**What needs to be done**
Restate all data exactly. No images.

[Opening Available data section]

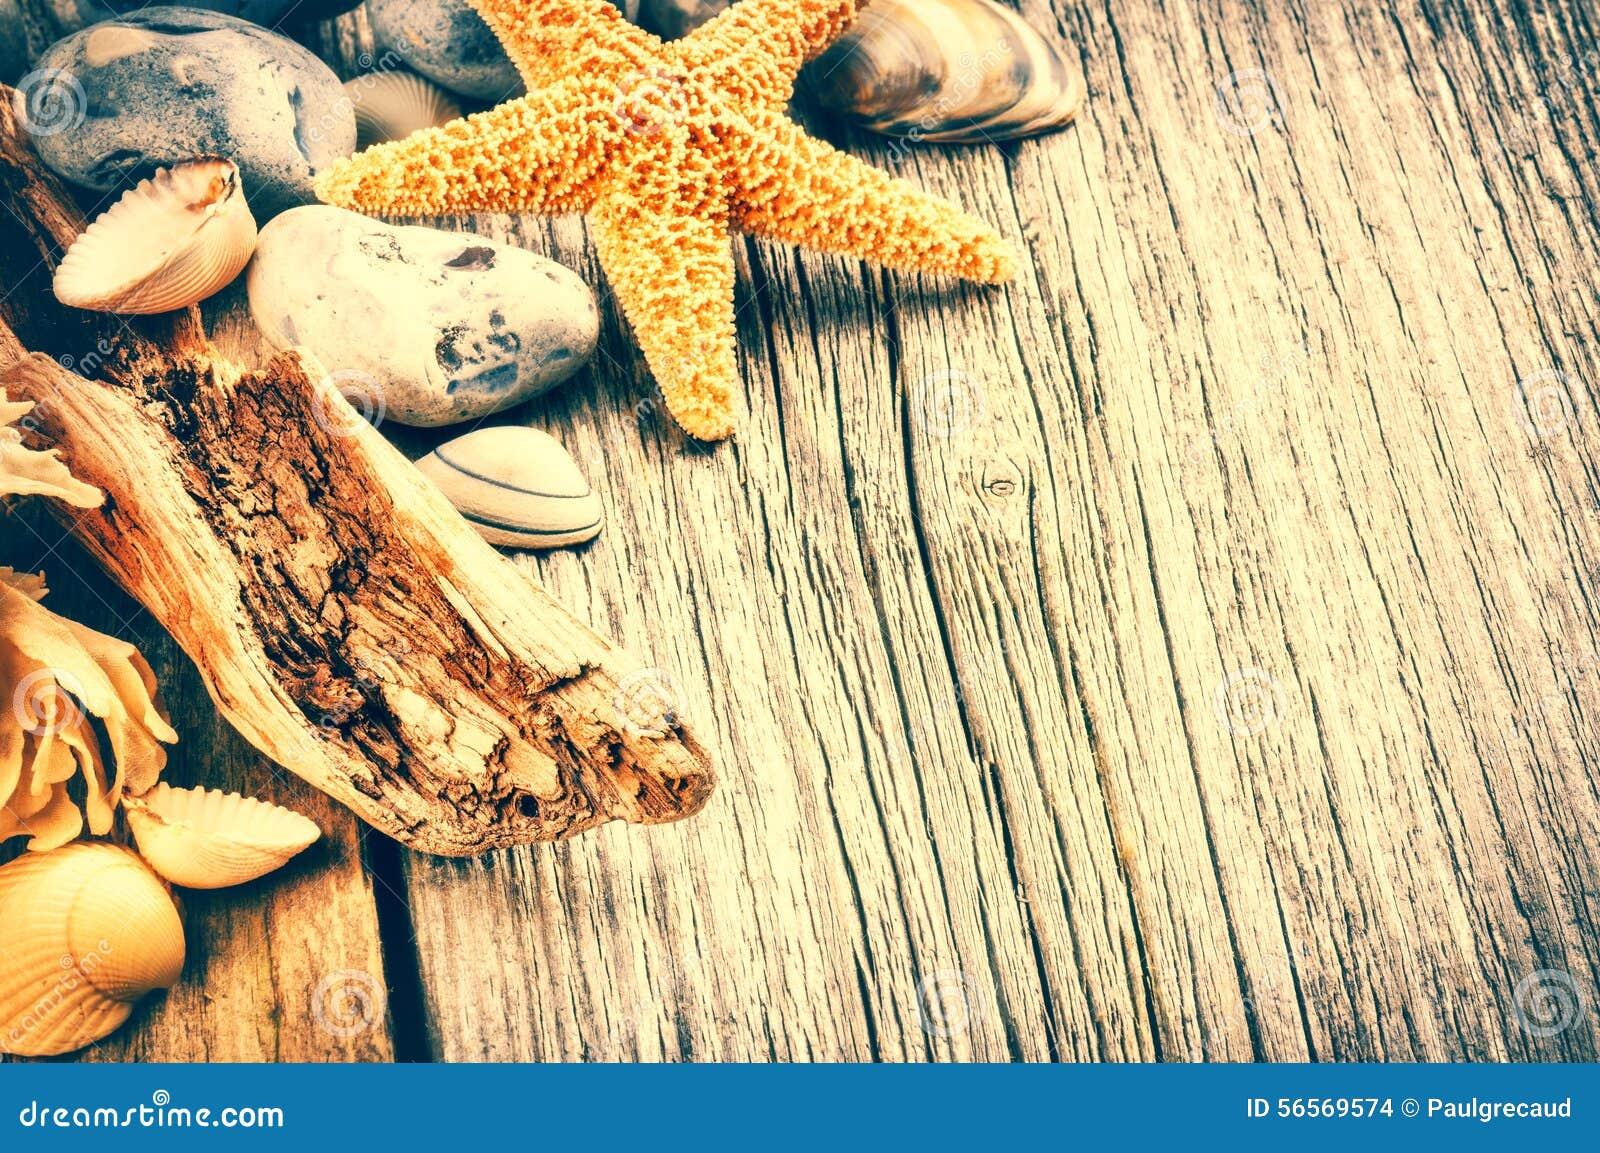 Download Θερινό υπόβαθρο με τα χαλίκια και τον αστερία Στοκ Εικόνες - εικόνα από διάστημα, διακόσμηση: 56569574
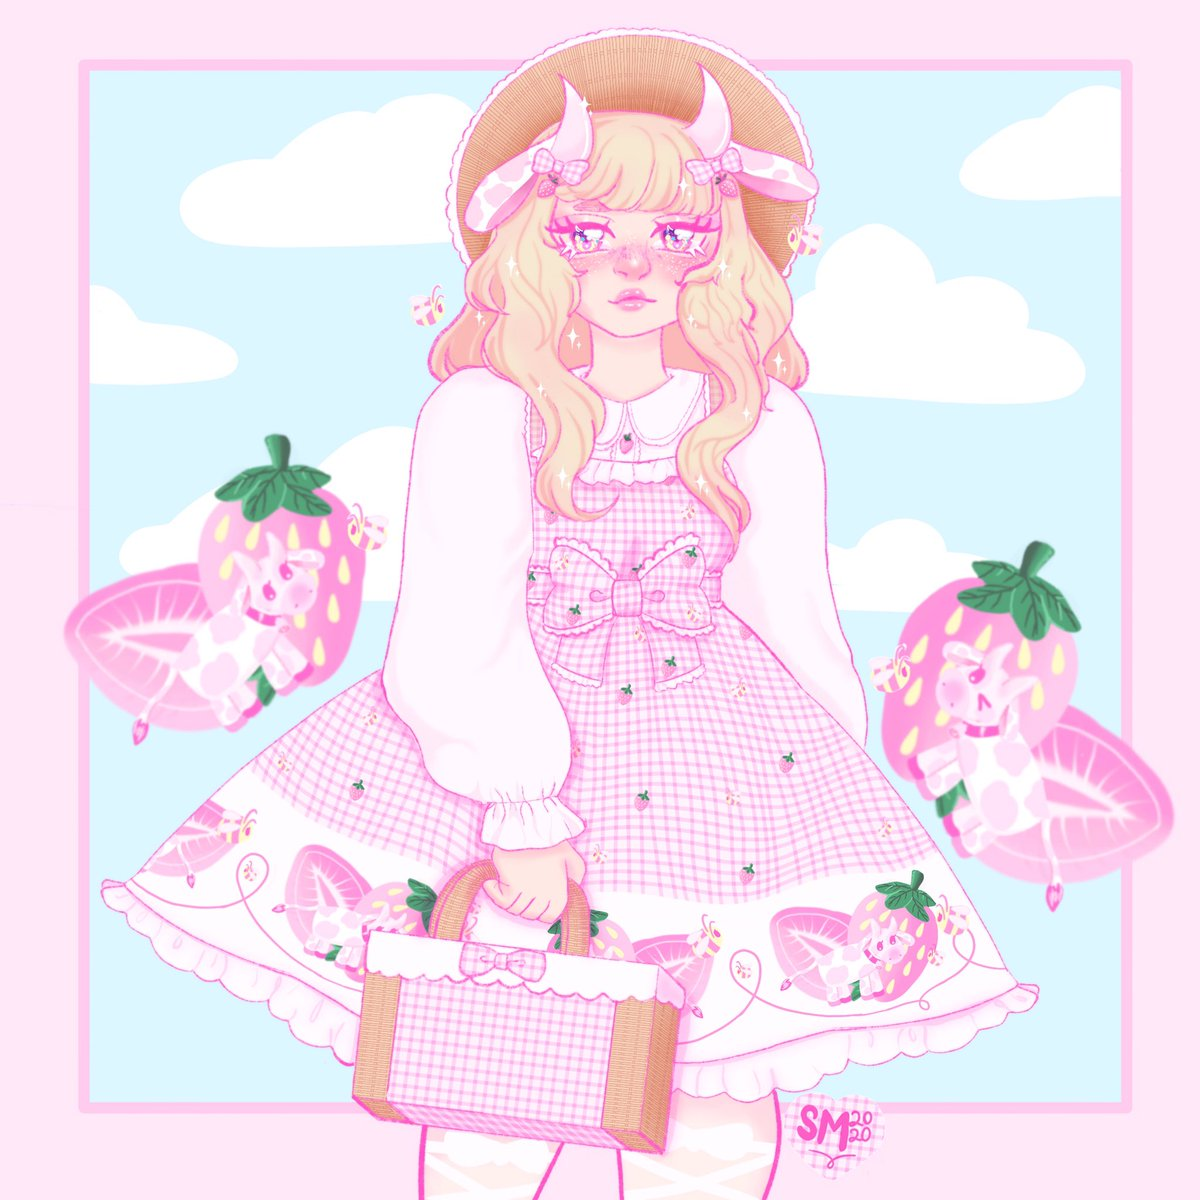 Strawberry cow country lolita , #kawaii #strawberry #strawberrycow #countrylolita #pink #gingham #egl #sweetlolita #pastel #digitalart #illustration @procreate #kawaiiart  #procreate  #ottsweet #pastelaesthetic #myart #pink #blue  #illustrator #uwu #prettypic.twitter.com/48YEXzgwdy
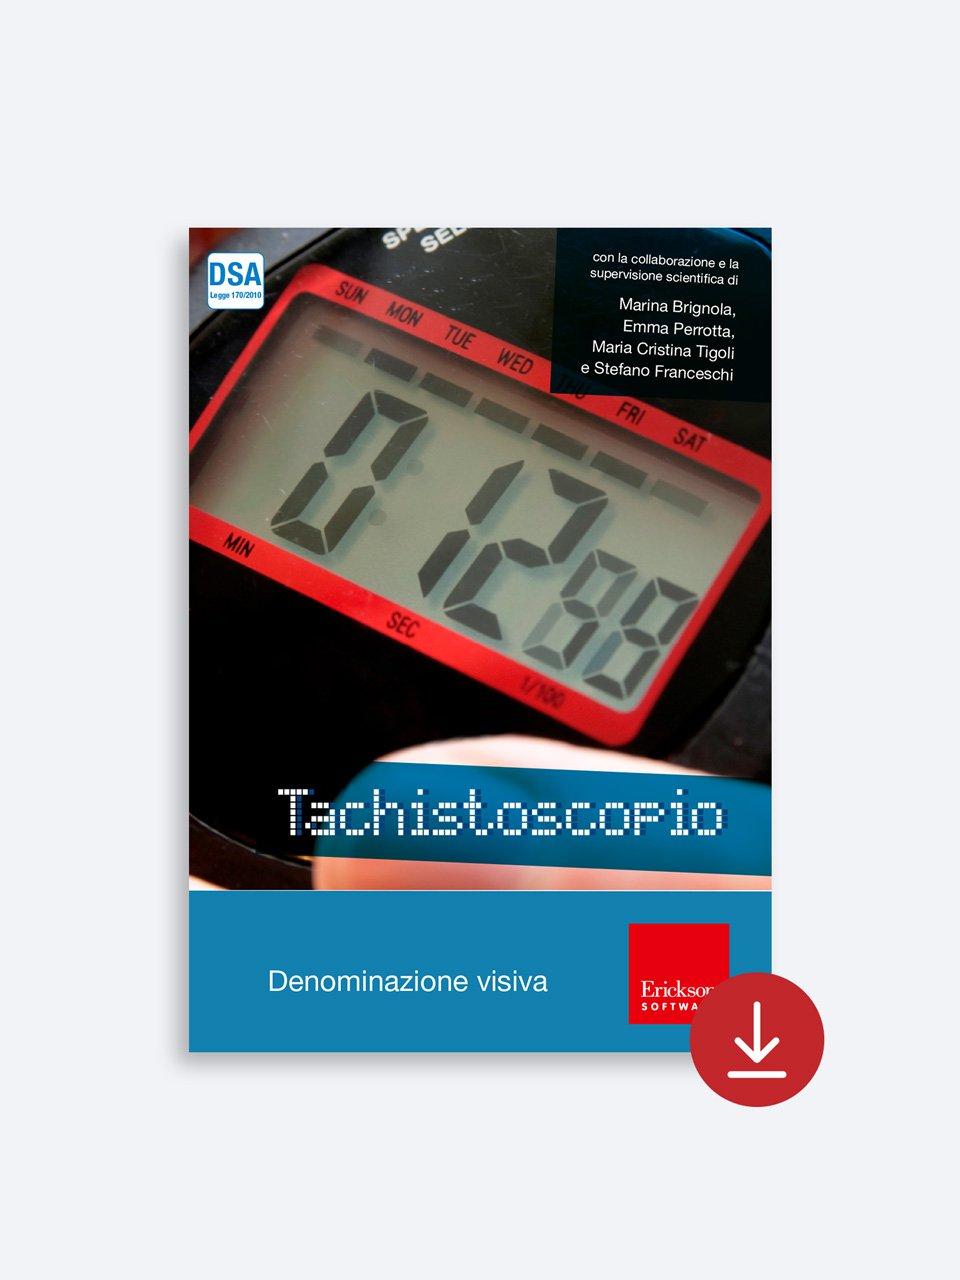 Tachistoscopio SUITE - App e software - Erickson 3

[Closing Available data section]

**Solved problem**
 Download Θερινό υπόβαθρο με τα χαλίκια και τον αστερία Στοκ Εικόνες - εικόνα από διάστημα, διακόσμηση: 56569574
 Strawberry cow country lolita , #kawaii #strawberry #strawberrycow #countrylolita #pink #gingham #egl #sweetlolita #pastel #digitalart #illustration @procreate #kawaiiart  #procreate  #ottsweet #pastelaesthetic #myart #pink #blue  #illustrator #uwu #prettypic.twitter.com/48YEXzgwdy
 Tachistoscopio SUITE - App e software - Erickson 3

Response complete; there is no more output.